— Collected material —

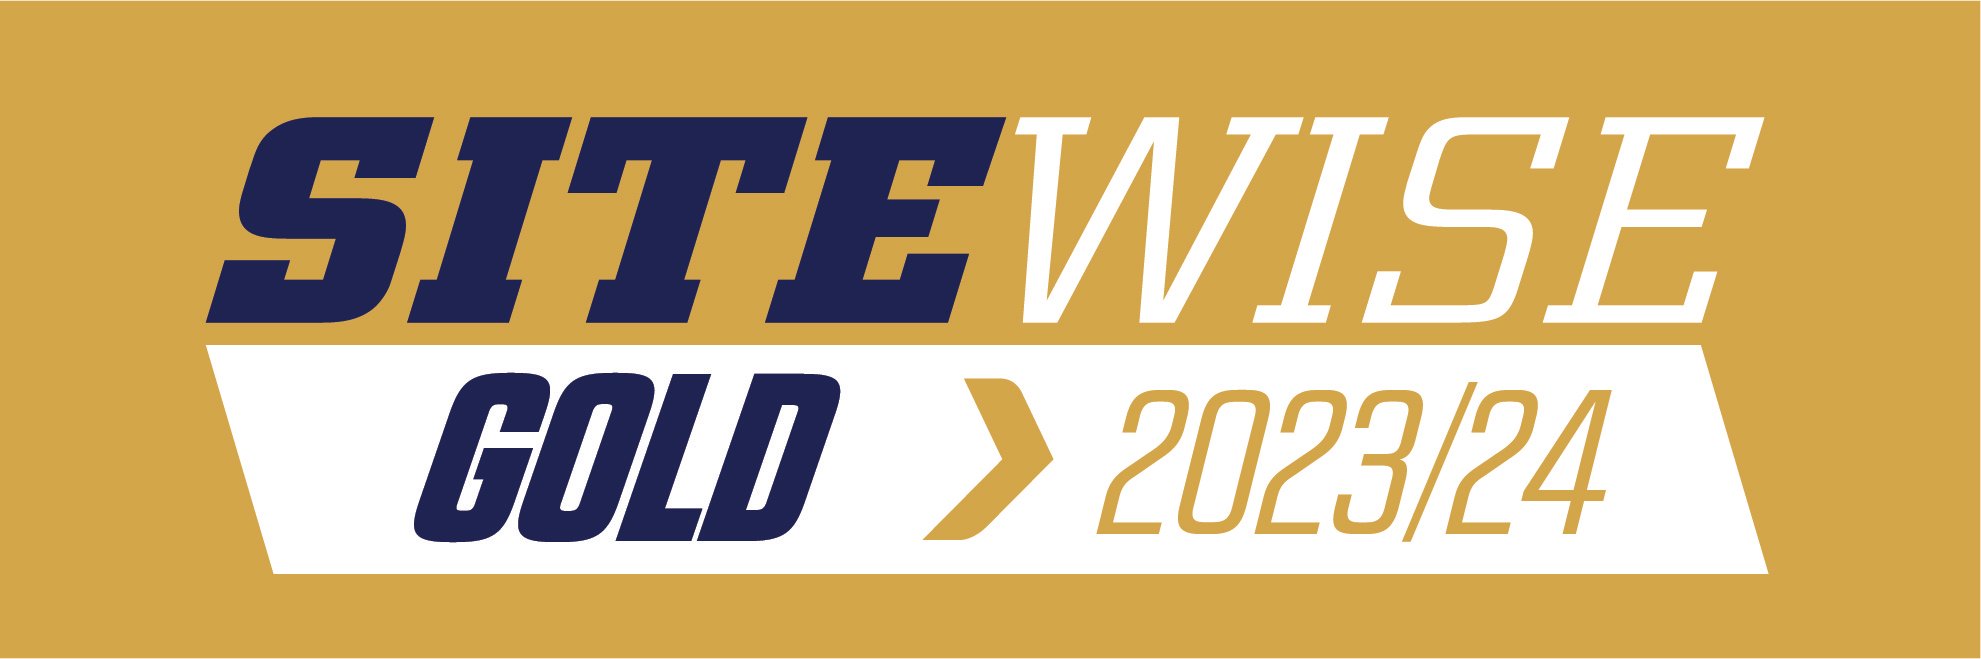 SiteWise-Gold logo.jpg
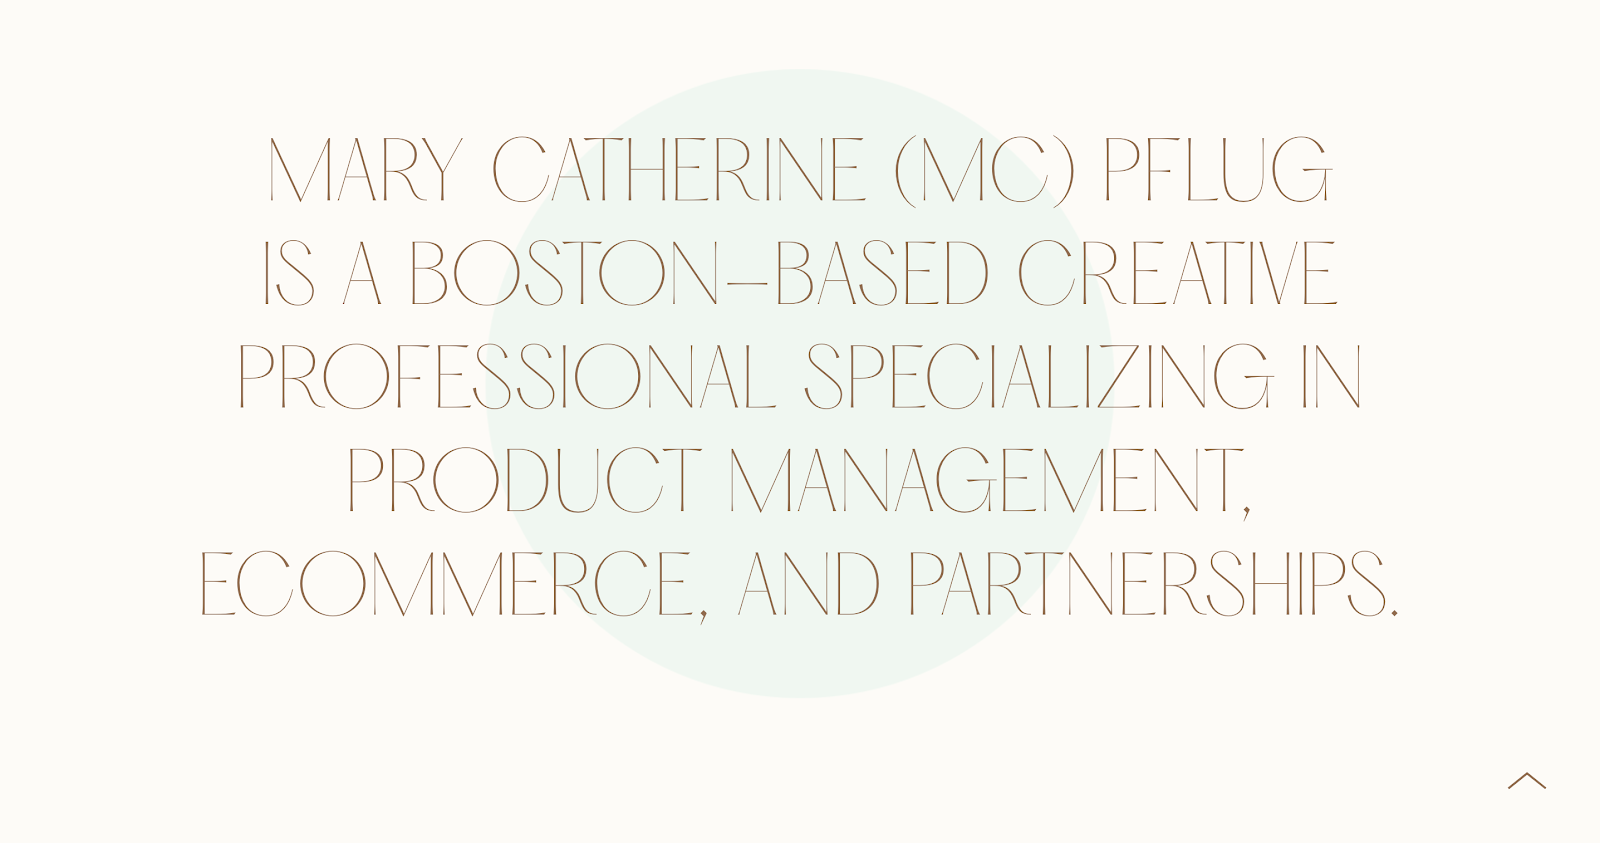 Mary Catherine (MC) Pflug is a Boston-based creative professional specializing in product management, ecommerce, and partnerships.
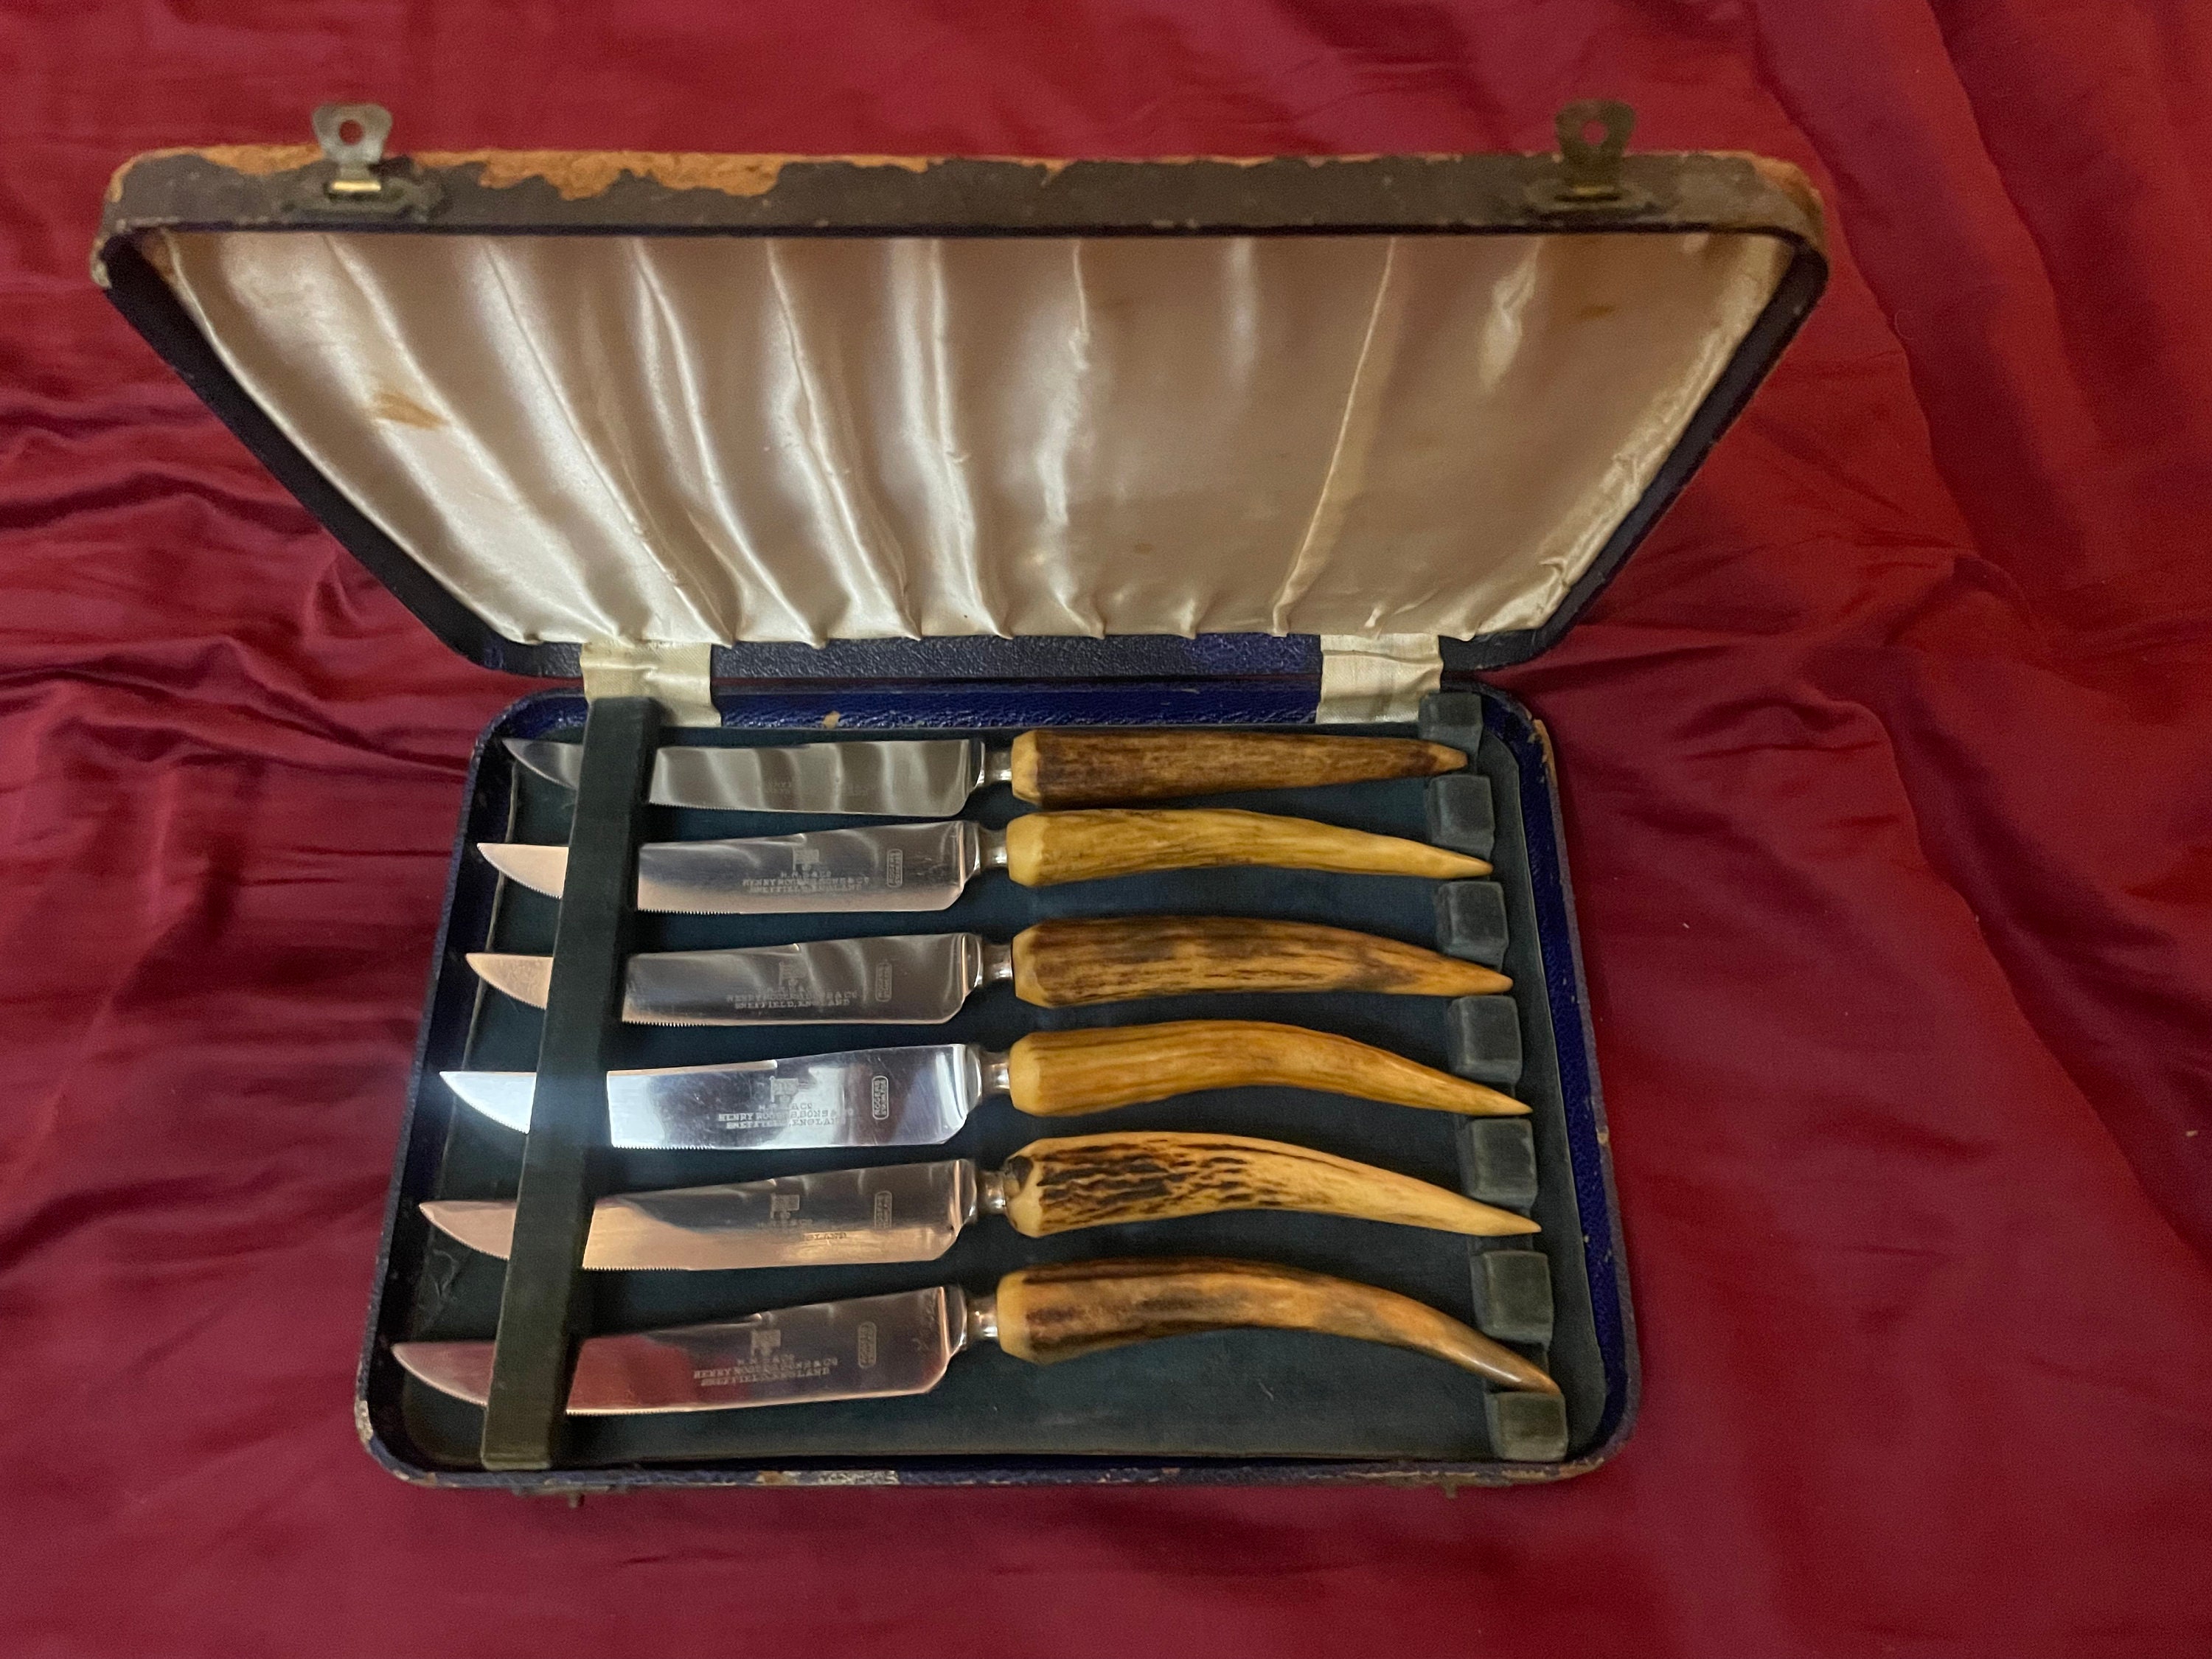 Vintage German Steak Knives Set (c.1960s) – Rush Creek Vintage

— What you are asked to do —
All of the material above should be written out exactly as given, minus any images.

— Exercise response —
 SiteWise-Gold logo.jpg
 Mary Catherine (MC) Pflug is a Boston-based creative professional specializing in product management, ecommerce, and partnerships.
 Vintage German Steak Knives Set (c.1960s) – Rush Creek Vintage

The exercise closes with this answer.